High Definition (HD) – 720p
To confuse the matter, there are a few different definitions of HD. One of those is 720p, though strictly speaking this is noticeably lower definition than the other HD standards. The “p” on the end refers to how the picture is refreshed–it stands for “progressive”, meaning all lines are refreshed on each picture refreshed (as opposed to “i” for “interpolated”, where only every second line is refreshed).
720p HD videos are 1280 pixels wide by 720 pixels tall. It’s mainly used for online streaming–you’ll notice it’s one of the options on Youtube. This will use about 450MB an hour. Netflix doesn’t explicitly specify how much data 720p HD uses, as they include it in their “High” video quality settings together with the higher resolution HD videos. All the official site says is “up to 3GB an hour for HD”.
It’s important to note that some manufacturers market TVs and screens as HD displays when they are 720p, and you should be aware that this is lower definition than what those same manufacturers term as “True-HD” displays.
High Definition (HD) – 1080p/i
This is marketed as “True-HD” or “Full-HD”, to distinguish it from the 720p HD videos and displays. These videos are 1920 pixels wide by 1080 pixels tall. 1080i is the general standard for HD TV broadcasts, while 1080p video is used on Blu-Rays.
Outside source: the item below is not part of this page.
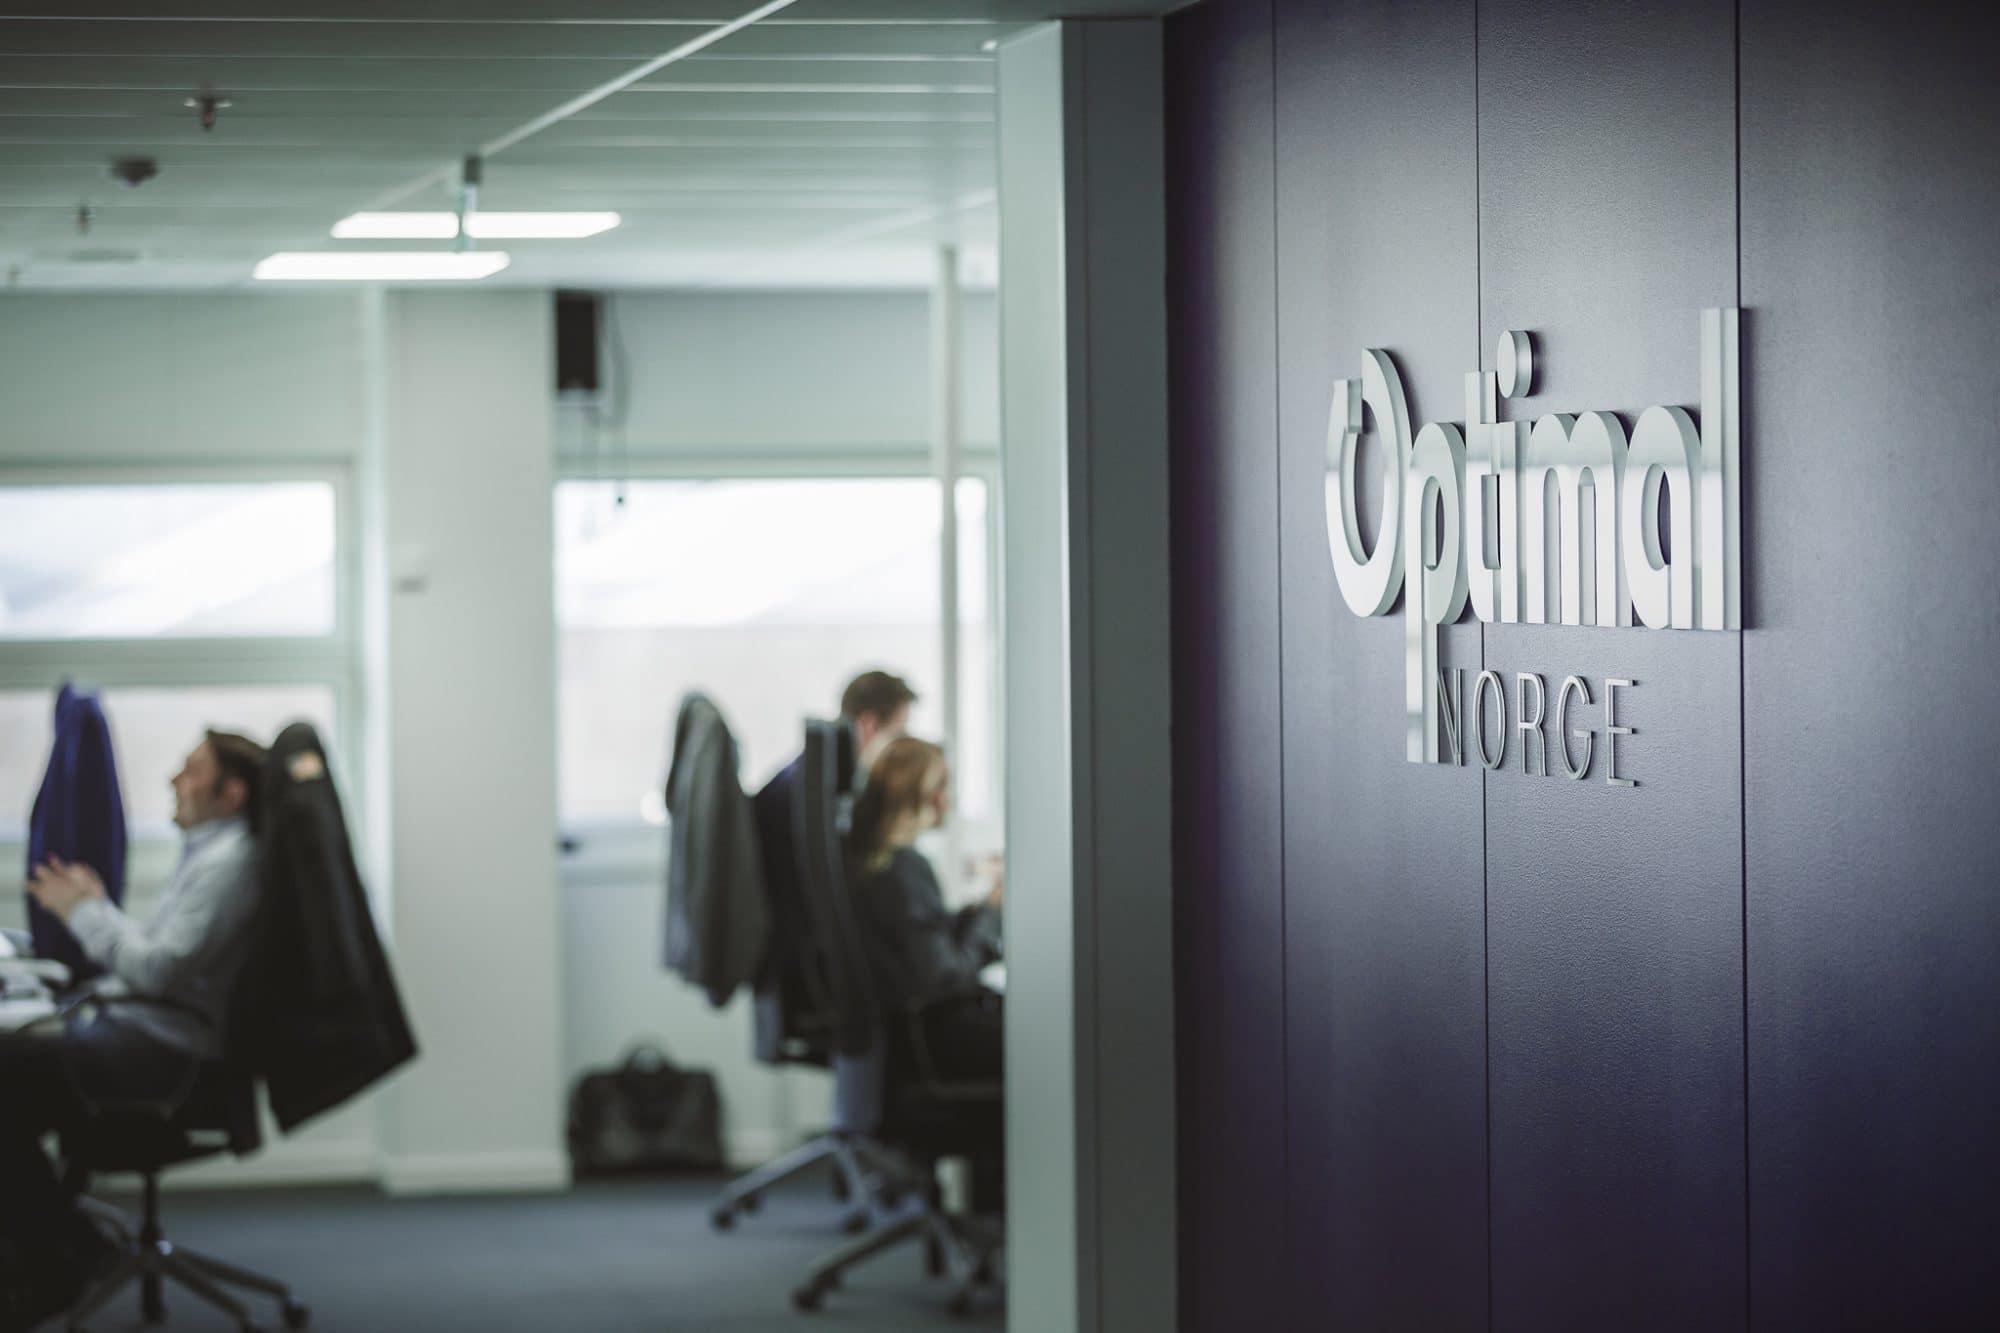 optimal norge mediebyrå digital markedsføring
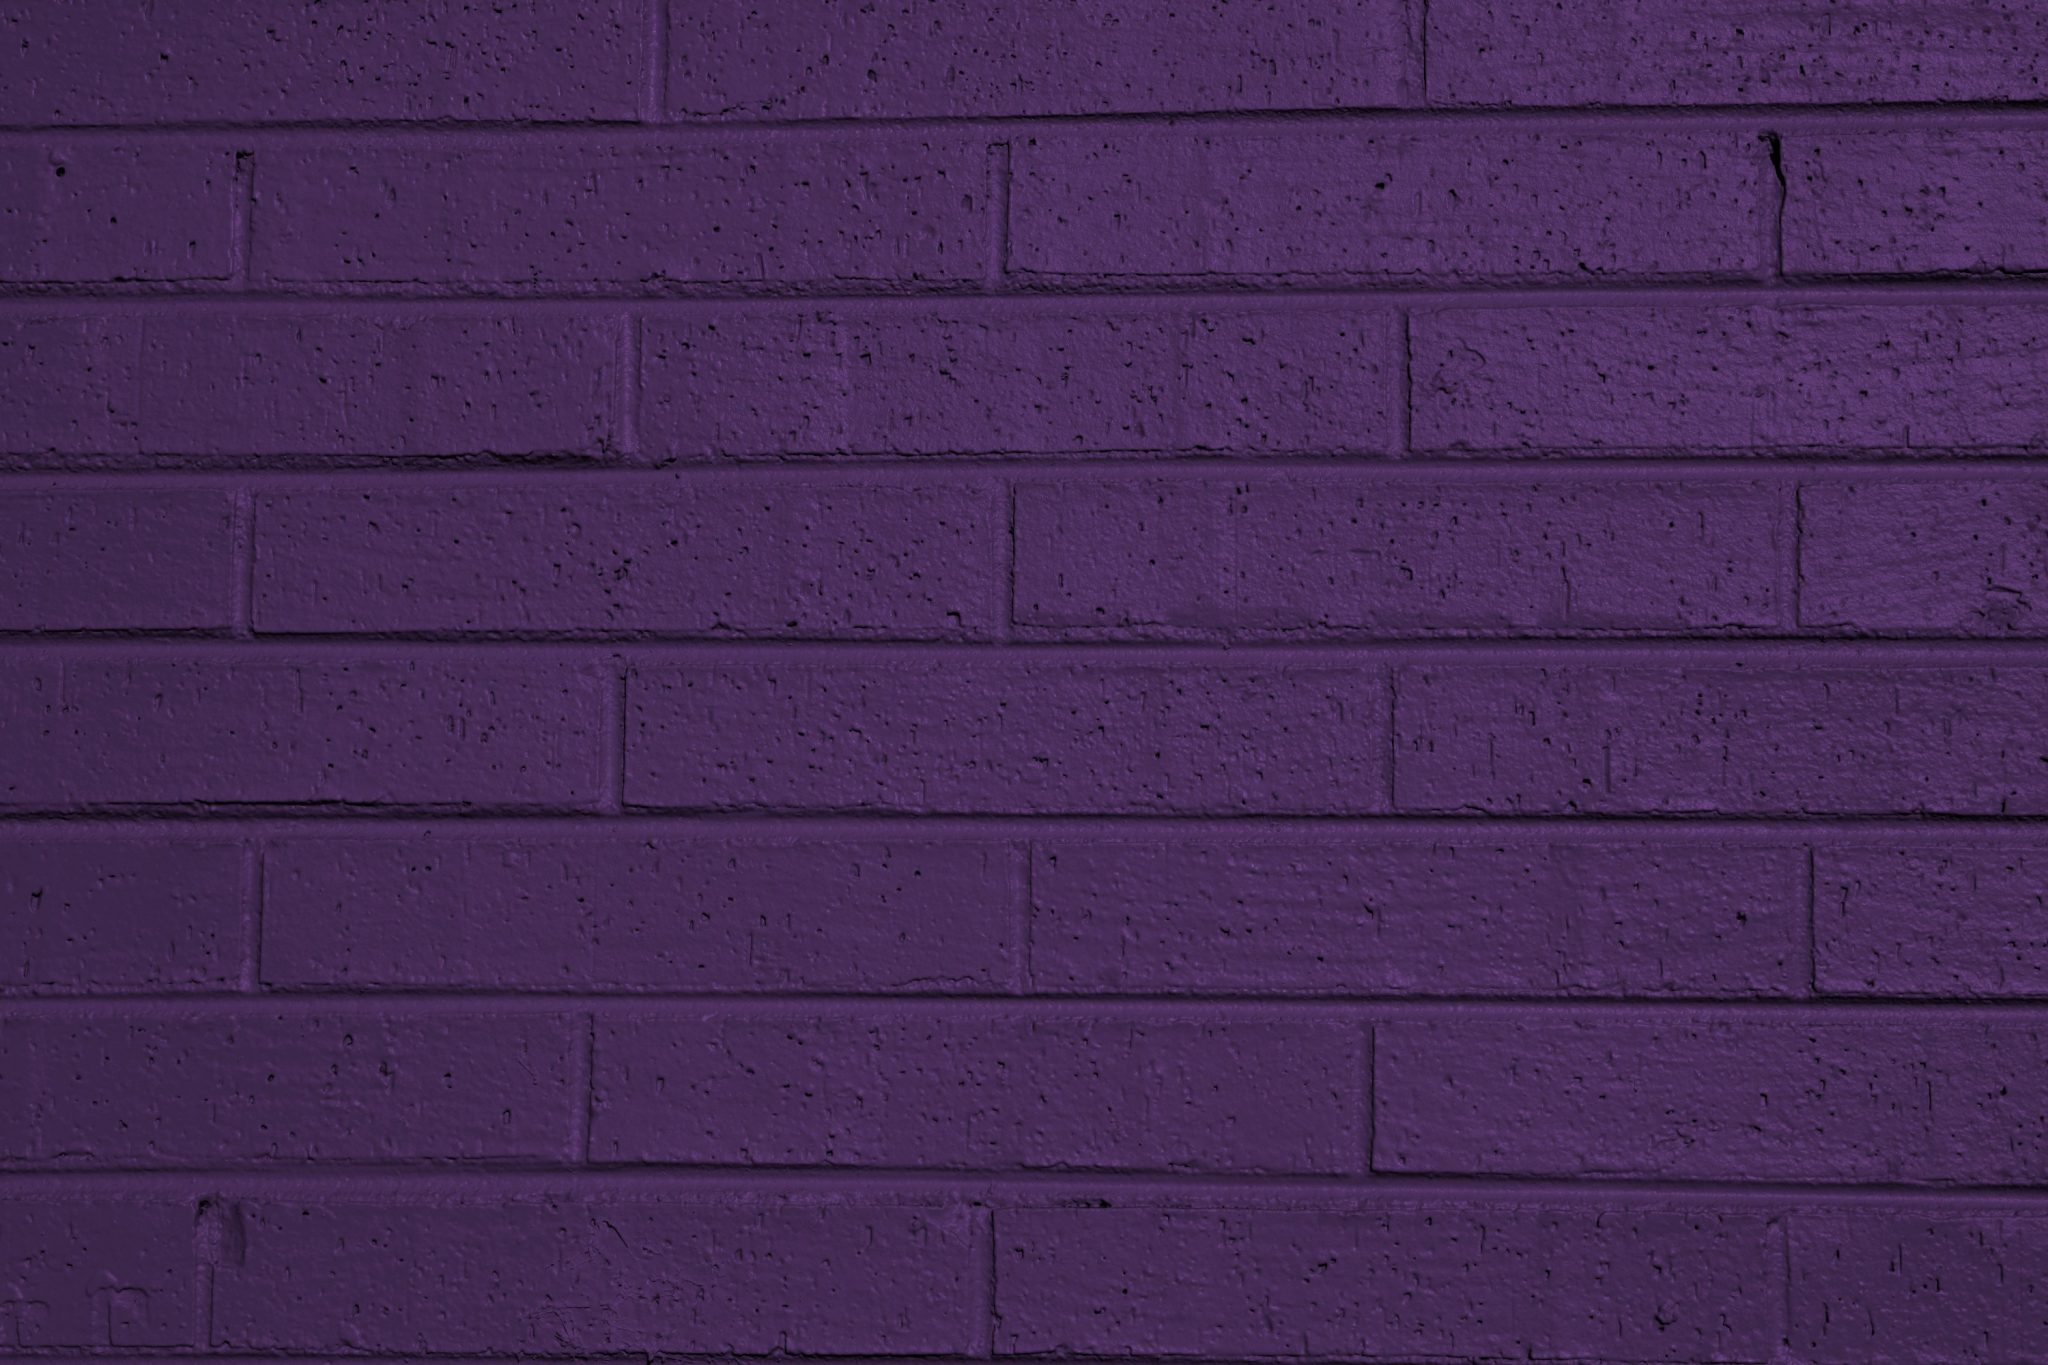 Cozy Bedroom Purple Painted Brick Wall Texture Purple Paint Colors Behr Purple Paint Colors houzz-02 Purple Paint Colors

1080p would use the most amount of data for HD video quality on Netflix, which is about 3GB an hour. Youtube will use about 750MB an hour. Note that many videos on Youtube are not available in HD, though that number is quickly growing.
When purchasing a flat-screen TV, this should be the standard you go for.
4k Ultra HD
This is the latest next-gen standard. A 4k resolution is 3,840 pixels wide by 2,160 pixels tall–in total, four times the pixel density of 1080p. There are only a few TVs out at the moment with a 4k resolution, and you’ll pay through the nose for them. No TV stations currently broadcast in 4k, so it will be a long while before you get any decent use out of your expensive TV anyway!
That said, Netflix does offer some content in 4k. But it will use up 7GB an hour, so tread carefully! Also, there are now video recorders and smartphones that can record 4k video, so you can shoot and show off your home videos in 4k as well.
Don’t get this confused with other similar terms you may have seen thrown around, mainly in the smartphone space–qHD and Quad HD (also, confusingly, called QHD). qHD stands for quarter-definition HD, meaning it’s a quarter of the pixels of 1080p HD. Quad HD is four times the pixels of a 720p display, so while it’s higher than a 1080p display, it’s still not 4k.